The device is the drbd1 and I'm trying to mount it on /mnt/clusterfs. After the 
error occoured, and I do a "pcs resource cleanup" the cluster is able to mount 
it.
the drbd-resource is named webcontend_DRBD
the mounted filesystem is named webcontend_FS
All other resources like httpd and HA-IP's working like a charm.

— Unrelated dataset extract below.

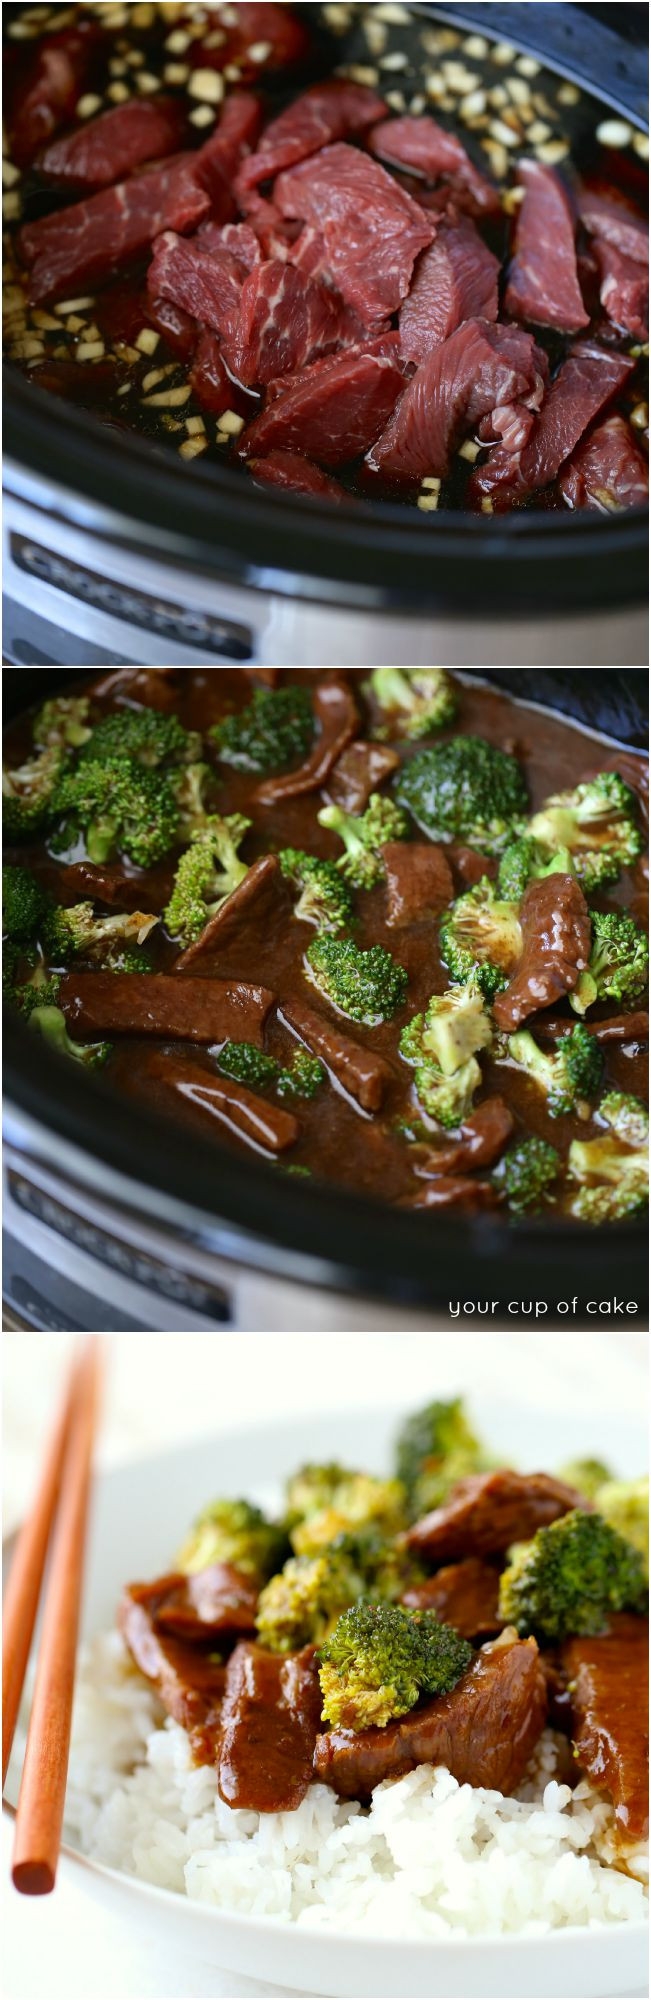 Slow Cooker Beef And Broccoli
 Slow Cooker Beef and Broccoli Your Cup of Cake

This is the log from the start of the cluster:

Oct 22 11:48:12 kathie3 pacemaker-controld[4880]: notice: State transition 
S_ELECTION -> S_INTEGRATION
Oct 22 11:48:13 kathie3 pacemaker-schedulerd[4879]: notice: Actions: Start      
HA-IP_1               (                        kathie3 )
Oct 22 11:48:13 kathie3 pacemaker-schedulerd[4879]: notice: Actions: Start      
HA-IP_2               (                        kathie3 )
Oct 22 11:48:13 kathie3 pacemaker-schedulerd[4879]: notice: Actions: Start      
HA-IP_3               (                        kathie3 )
Oct 22 11:48:13 kathie3 pacemaker-schedulerd[4879]: notice: Actions: Start      
Webcontent_DRBD:0     (                        kathie3 )
Oct 22 11:48:13 kathie3 pacemaker-schedulerd[4879]: notice: Actions: Start      
Webcontent_FS         (                        kathie3 )
Oct 22 11:48:13 kathie3 pacemaker-schedulerd[4879]: notice: Actions: Start      
ping_fw:0             (                        kathie3 )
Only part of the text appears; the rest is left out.